22 December 2010
A couple of months I was approached by the publisher of this book, Oxford University Press, to ask if I would like a review copy and was intrigued. The premise of the book is remarkable – that it is possible to write an engaging popular science book based around the geology of a single pebble. And not an obviously fascinating pebble either – this is a piece of apparently dull, grey Silurian slate from Wales. This is the sort of piece of rock that most geologists would ignore on a stony beach – and indeed the publisher also appears to have had misgivings about the subject as the cover (pictured to the right) shows a pebble that is most certainly not Silurian slate. A slate pebble looks like the one pictured below. Ironically, this can also be a beautiful piece of rock, so I cannot understand why the publisher has used such a misleading (to the geologist at least) image.
So I started wondering how such a book came about. Was it a drunken conversation late one night on a field trip in deepest Wales (i.e. I imagine a cottage in the hills outside Lampeter, with a coal fire burning), in which the author and another geologist got into a bragging contest in which they tried to out-compete each other for who could write a successful popular geology book on the most obscure topic? Probably not, but if so, the author Jan Zalasiewicz, certainly set himself a tough task!

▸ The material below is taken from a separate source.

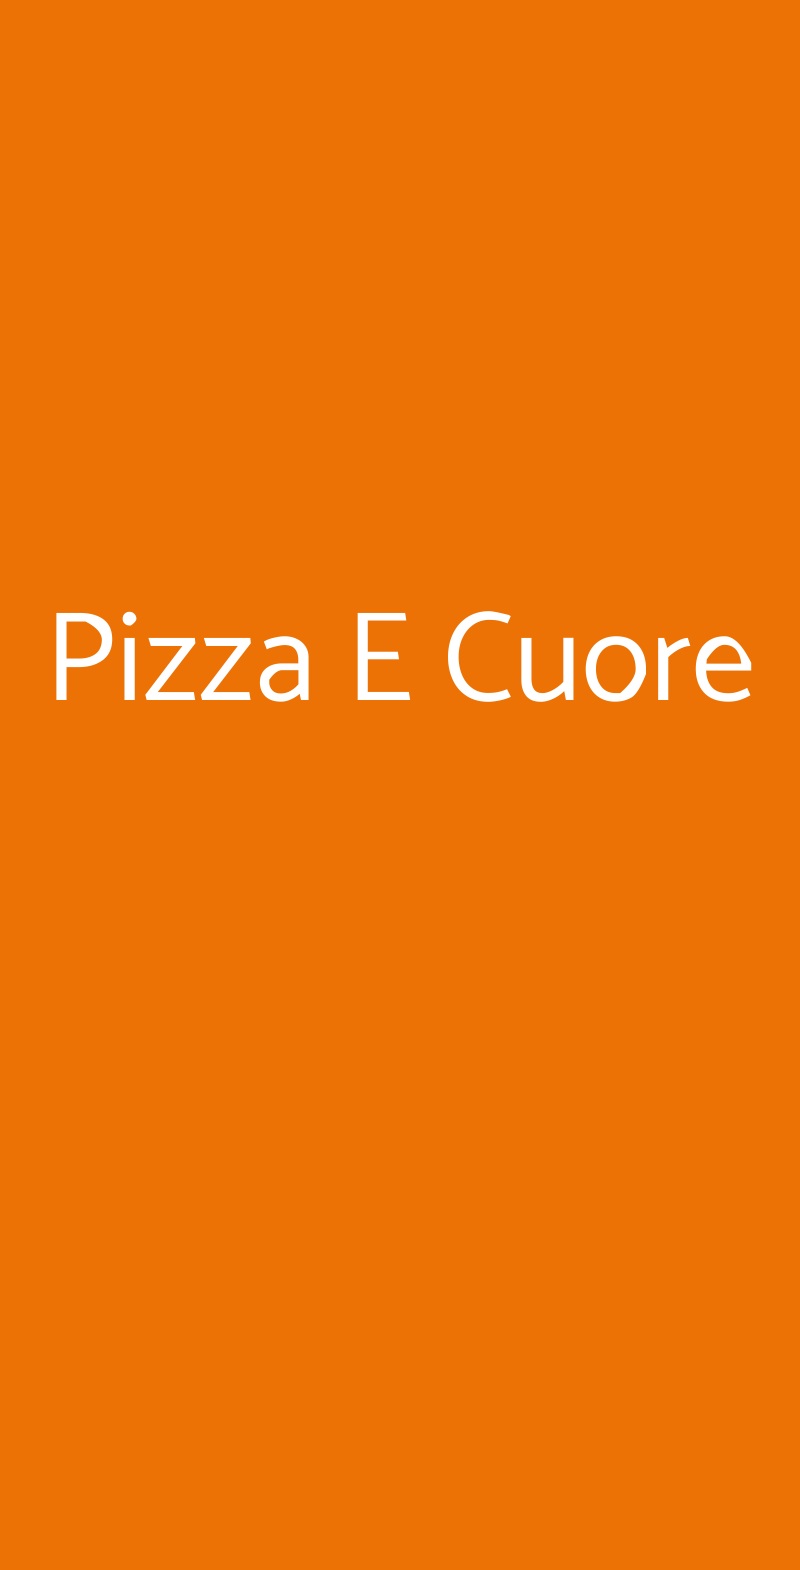 Pizza E Cuore Parma menù 1 pagina

So, does it work as a popular science book? The answer is a remarkable and resounding yes. The book is fascinating and engaging, stretching from the earliest foundations of time, in which the matter that now forms the pebble was created, to modern day beach environments. Along the way the book describes the nature of modern geology, and in particular the detailed forensic investigations that are needed to piece together the history of our planet. In so doing, the book overturns the popular myth that geologists are essentially visual scientists, doing little more than interpreting features based on observation and simple logical rules. The great strength of the book is in the writing, which is at times beautiful, always engaging, and well-paced. There is no sense that the book ever stalls – so often a problem in popular science writing – and the author manages to express his own love and fascination for the discipline. I also appreciate the emphasis that the author placed on describing what we don’t know, as well as what we do. We still have so much to learn, and it is important to communicate that fact.

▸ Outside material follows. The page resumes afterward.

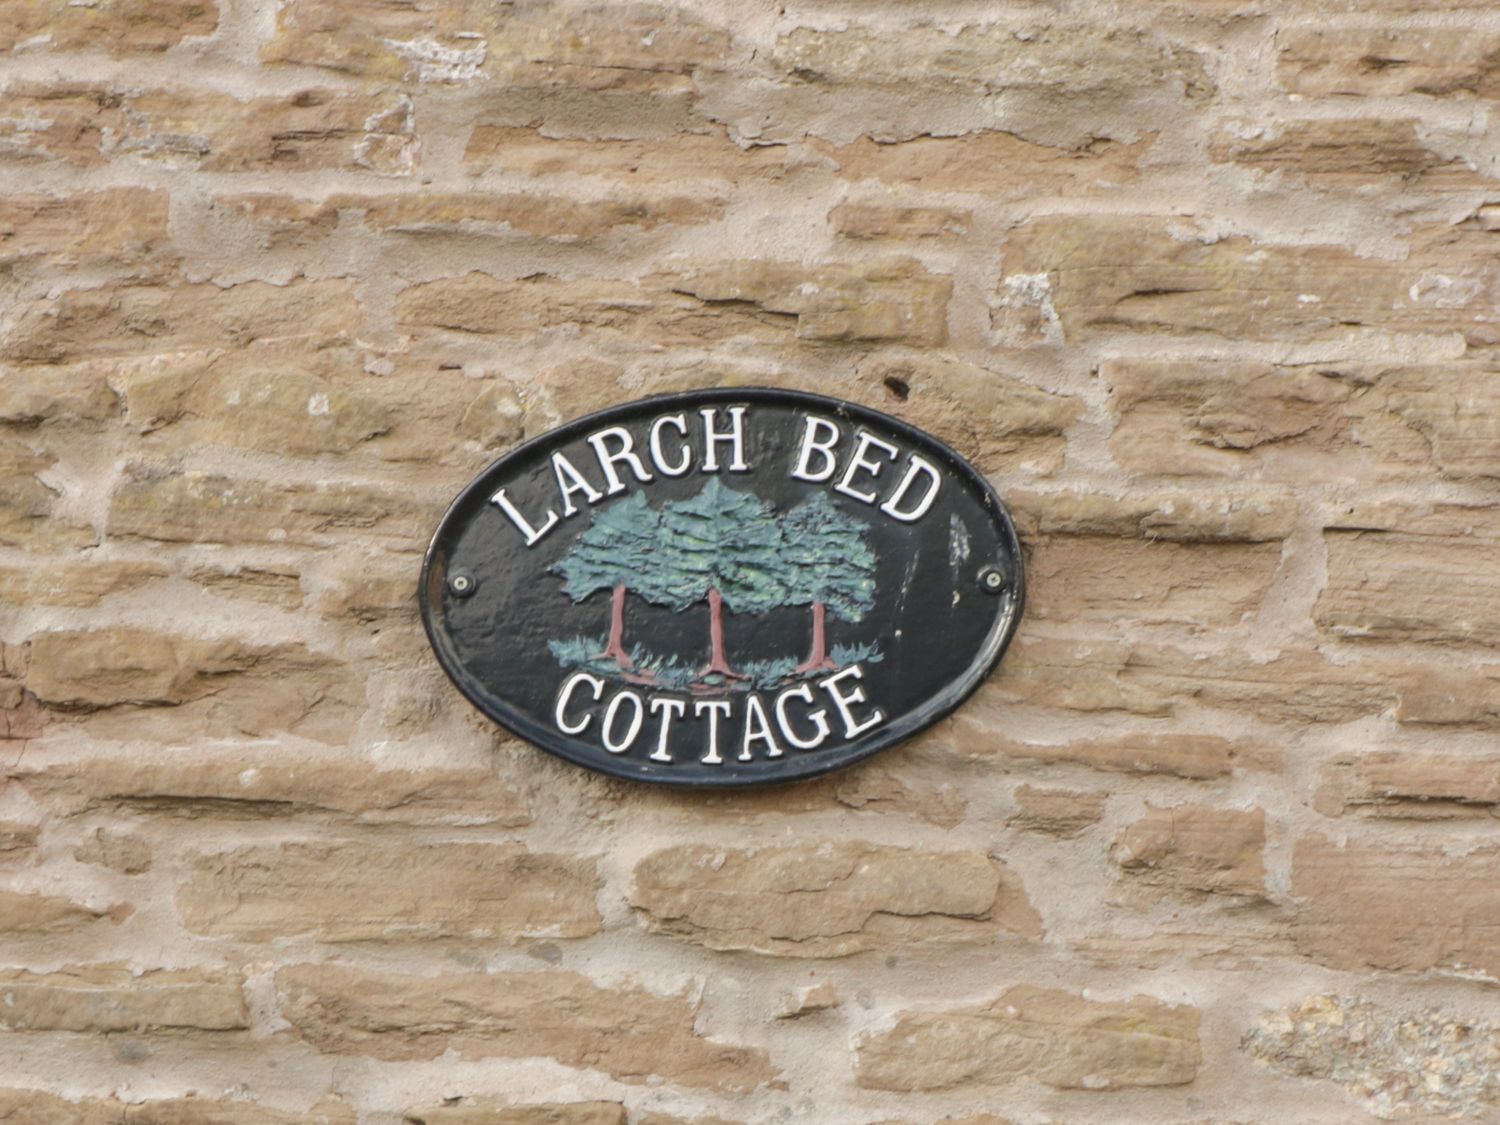 Larch Bed Cottage, Bromyard

That said, the book is not perfect, although the issues are perhaps niggles rather than major causes for concern. First, the author is correct in stating that humans love a story, but we also need visual information in order to understand properly. The book is under-illustrated, and those illustrations that are present are really rather weak and basic in comparison with the prose. Perhaps the idea is to produce a fully illustrated coffee table version in due course (now that would be a wonderful tome) but for now the book is let down a little by this weakness. The plates, in colour which is good, are frustrating in that the captions are at the start of the book. That meant that when I came to the crucial passages I found myself juggling between three different parts of the book, a most frustrating experience, if one that is good for developing hand-eye coordination skills! In addition, the photographs mostly lack a scale bar or any other visual clue as to size – poor practice that is always criticised at undergraduate level.
Second, the end of the book, which details the period in which the pebble reaches the surface and encounters modern environments, feels rushed and somewhat sketchy. Given that this is the environment in which we live, this is a shame. It probably reflects the author’s own geological background, which is understandable, but it leaves a section that really feels weak in comparison to the rest. And finally, in a couple of places the description of modern processes really feels a bit under-researched. For example, we now know that the generation of fractures in rock masses by ice comes not from freeze-thaw but from segregation, and the idea that waves cause cliff disintegration through the generation of air pressures in fractures also has the feel of high school science.
But these are minor criticisms. I would strongly recommend the book – if in the unlikely event that it was written as a bet then the author has undoubtedly won the prize. I would buy it as a Christmas present, but would want to be sure that the recipient is au fait with at least basic science. Jan Zalasiewicz undoubtedly has a talent for this type of writing, and I am sure many more books will follow. I would not hesitate to buy the next one, even if it is on an equally obscure topic.
Comments from anyone else who has read it are welcome – do you share my views?